Accordingly, the Court denies Local 626's request for a declaratory judgment in its favor and enters a favorable judgment on DCA's counterclaim.

Submit order.

NOTES

[1] DCA is an association consisting of numerous member employers engaged in the construction industry within the State of Delaware and surrounding states.

[2] Agreement United Brotherhood Of Carpenters And Joiners Of America, Local Union No. 626 (AFL-CIO) 1965-1969 (Docket Item 9).

[3] Agreement United Brotherhood Of Carpenters And Joiners Of America, Local Union No. 626 (AFL-CIO) 1969-1971 (Docket Item 9).

[4] Complaint, Paragraph 8, Docket Item 1.

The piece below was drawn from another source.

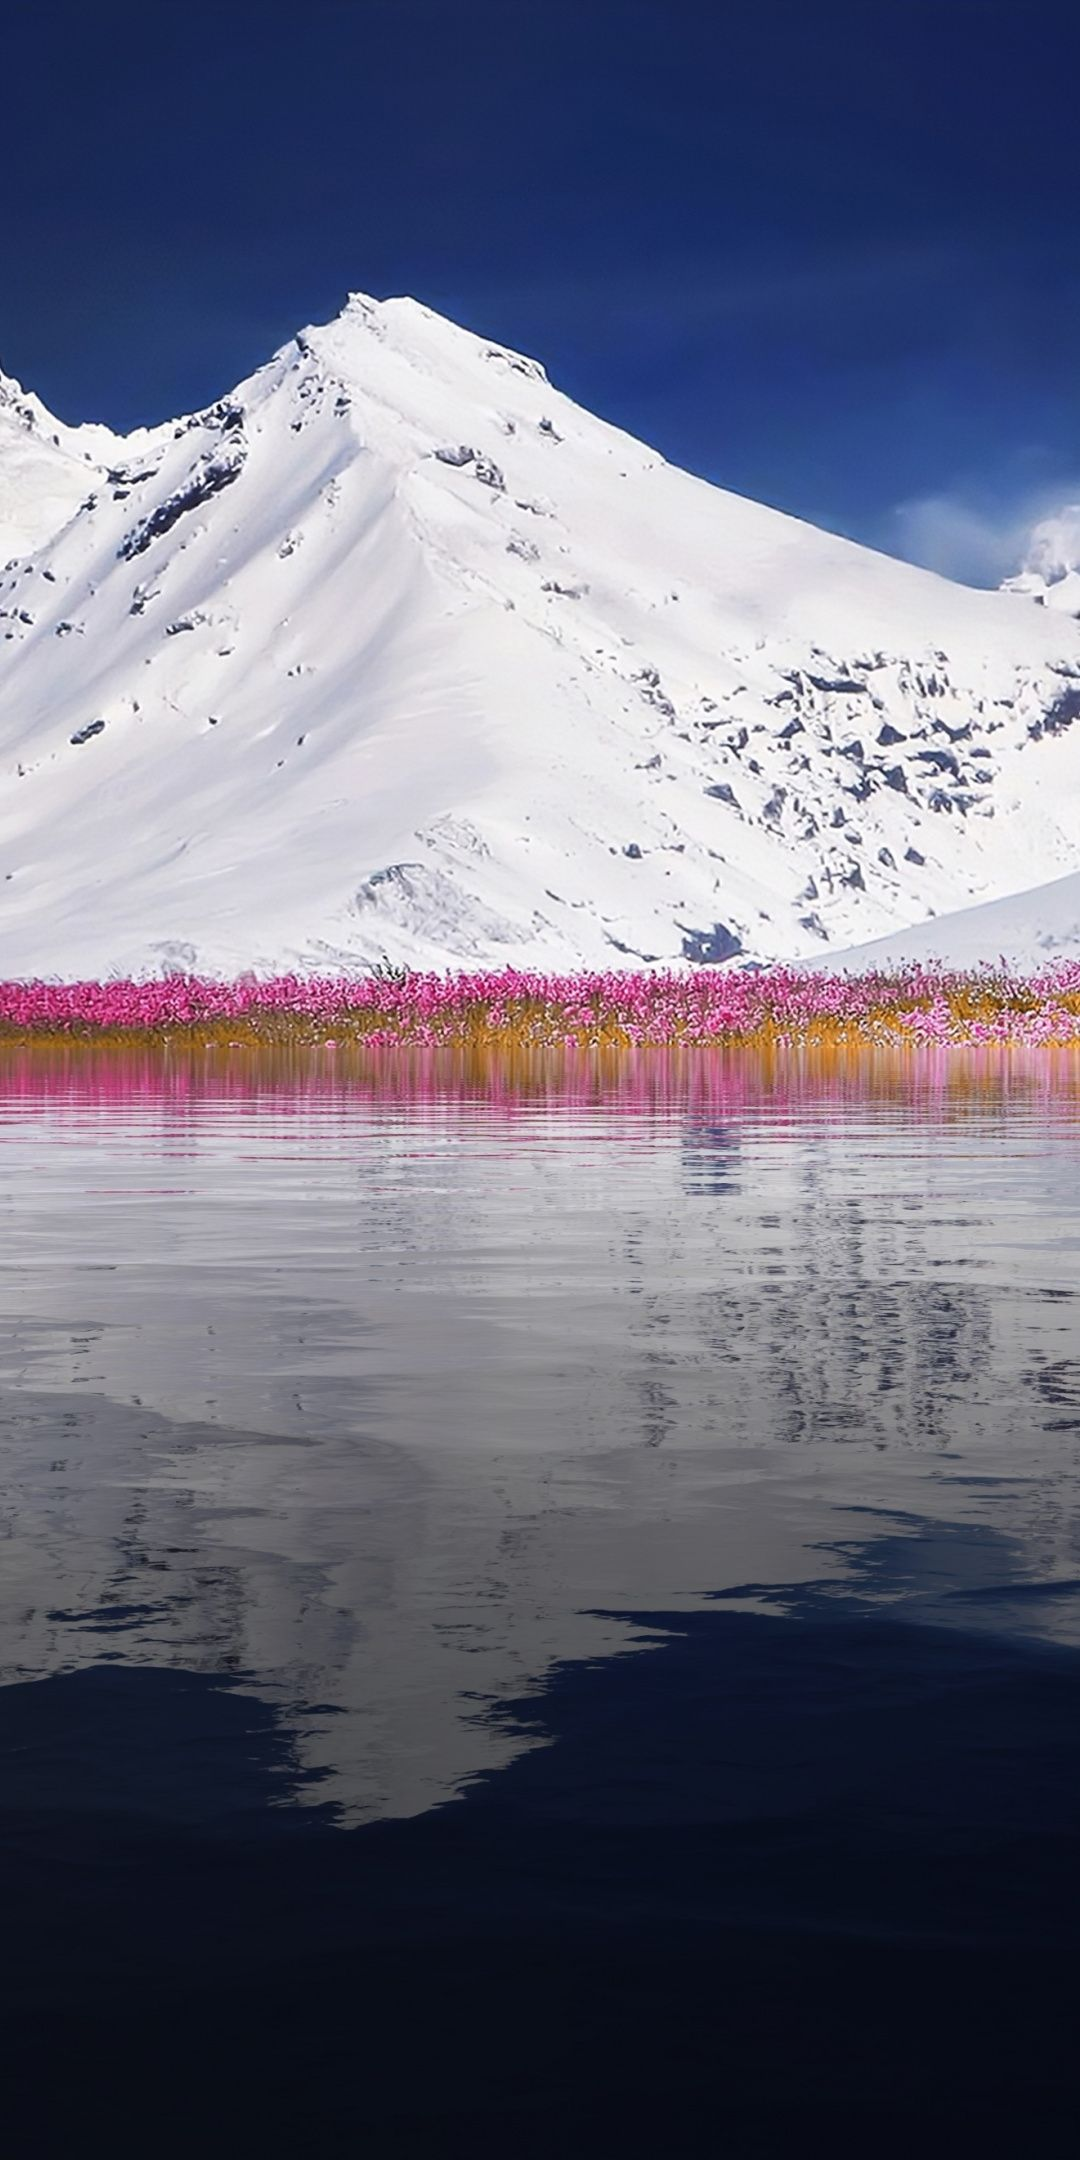 Mountains Winter Landscape Lake Reflections Nature 1080x2160 Wallpaper Lake Landscape Mountain Landscape Winter Mountain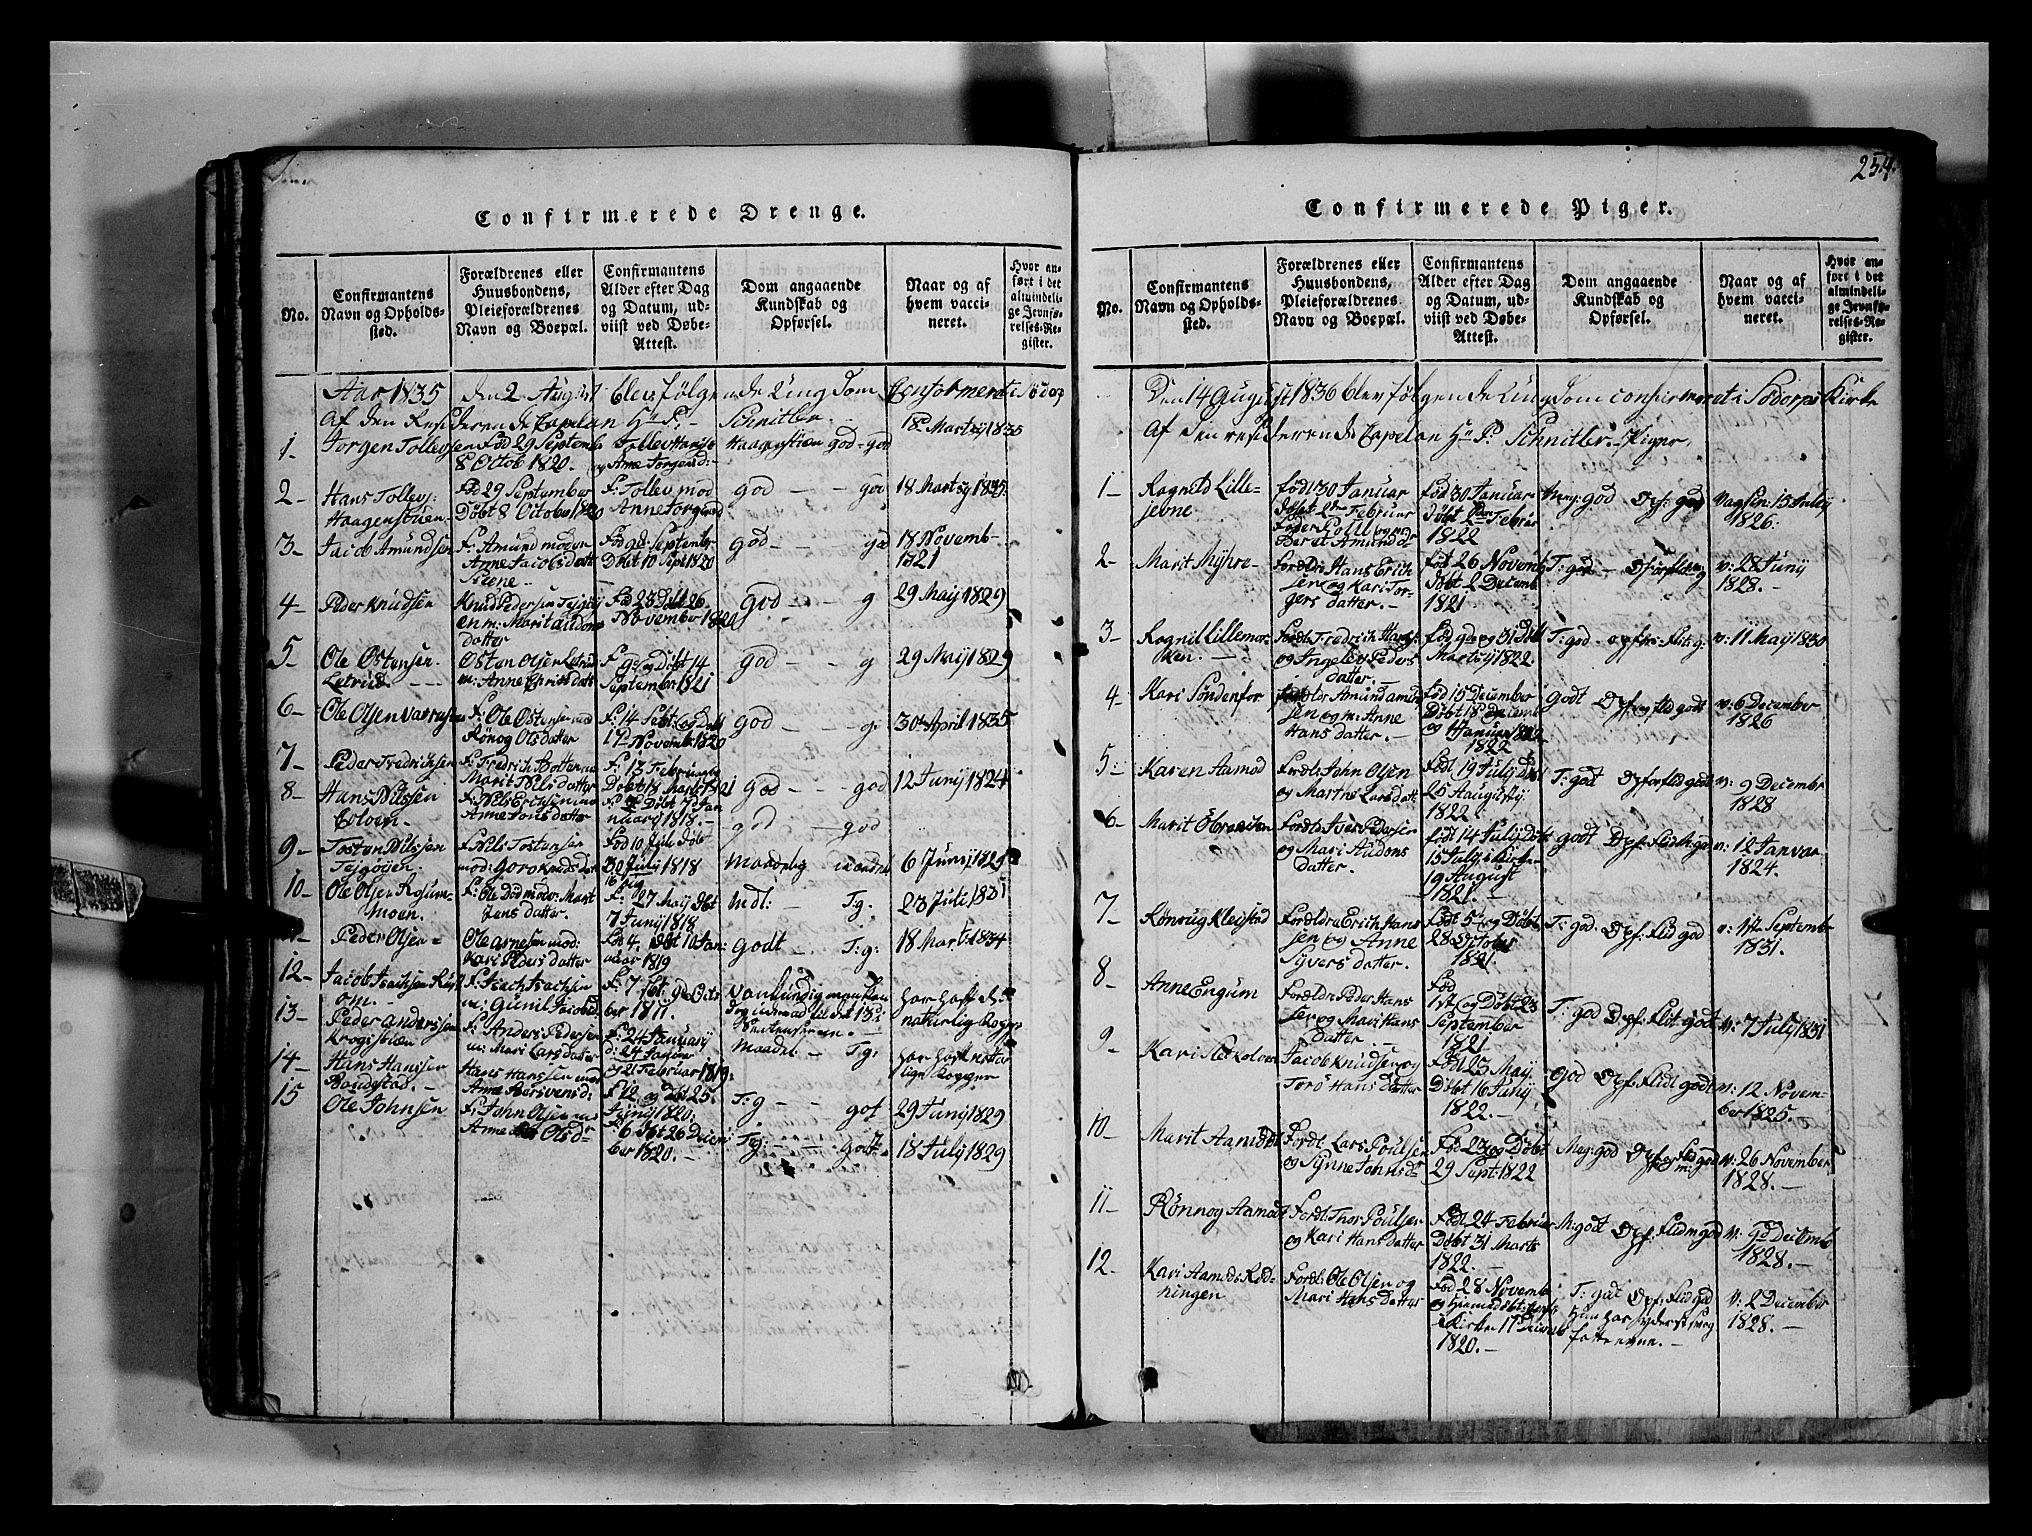 SAH, Fron prestekontor, H/Ha/Hab/L0002: Klokkerbok nr. 2, 1816-1850, s. 254

[5] Plaintiff's Tr. Ex. 1.

[6] Plaintiff's Tr. Ex. 2.

[7] Tr. 21.

[8] Tr. 21, 37.

[9] The account of every employee is in the sole name of that employee and is separate from the account of every other employee. The original account is established for each employee only when WSFS has been supplied with a signature card bearing, among other things, the employee's signature and his social security number. The responsibility for seeing that the signature cards are executed by each employee apparently lies with the union. In some instances, however, these cards may not be returned by the union so that there might exist some accounts for which no signature card has ever been filed. (Tr. 35-37).

[10] Clause (B) of the proviso to clause (5) of subsection (c) of Section 302 reads: "The detailed basis on which such payments are to be made is specified in a written agreement with the employer, and employees and employers are equally represented in the administration of such fund, together with such neutral persons as the representatives of the employers and the representatives of employees may agree upon and in the event the employer and employee groups deadlock on the administration of such fund and there is no neutral persons empowered to break such deadlock, such agreement provides that the two groups shall agree on an impartial umpire to decide such dispute, or in event of their failure to agree within a reasonable length of time, an impartial umpire to decide such dispute shall, on petition of either group, be appointed by the district court of the United States for the district where the trust fund has its principal office, and shall also contain provisions for an annual audit of the trust fund, a statement of the results of which shall be available for inspection by interested persons at the principal office of the trust fund and at such other places as may be designated in such written agreement."

[11] Plaintiff concedes that the vacation fund is not maintained as a § 302(c) (5) (B) trust fund. (Pl.Reply Brief, p. 15, Docket Item 16).

[12] The legislative history is quite clear on this point. It states: "By enacting a general prohibition on employer payments and then setting forth specific exceptions, Congress impliedly prohibited payments for any purpose not specifically excepted." U.S.Code Congressional and Administrative News, Vol. 1, p. 1160 (1969).

[13] Senate Report No. 105 on S. 1126, Supplemental Views.

[14] Tr. 95.

[15] Tr. 133.

[16] It is of no consequence to the decision of this Court that the union members of Local 626 authorized the collective bargaining agreements providing for the vacation plan in question. The essential purpose of the Act is to keep such large sums of employee earned money out of the sole control of union officials. Once the agreements were approved the day-to-day control over the fund rested solely with union leadership, the exact end the Act seeks to eschew. Furthermore, the Court notes that the case of Independent Association of Mutual Employees of New York State v. The New York Racing Association, 398 F.2d 587 (C.A. 2, 1968) has no application to the facts of this case. In that case the welfare or trust fund was established by the employer under a plan which made it impossible for the representative of the employees who participated in the administration of the plan to use any funds as they saw fit, or to authorize any use of the funds without the employer's consent. The dangers the Act sought to restrict were not present. This is not true in this case.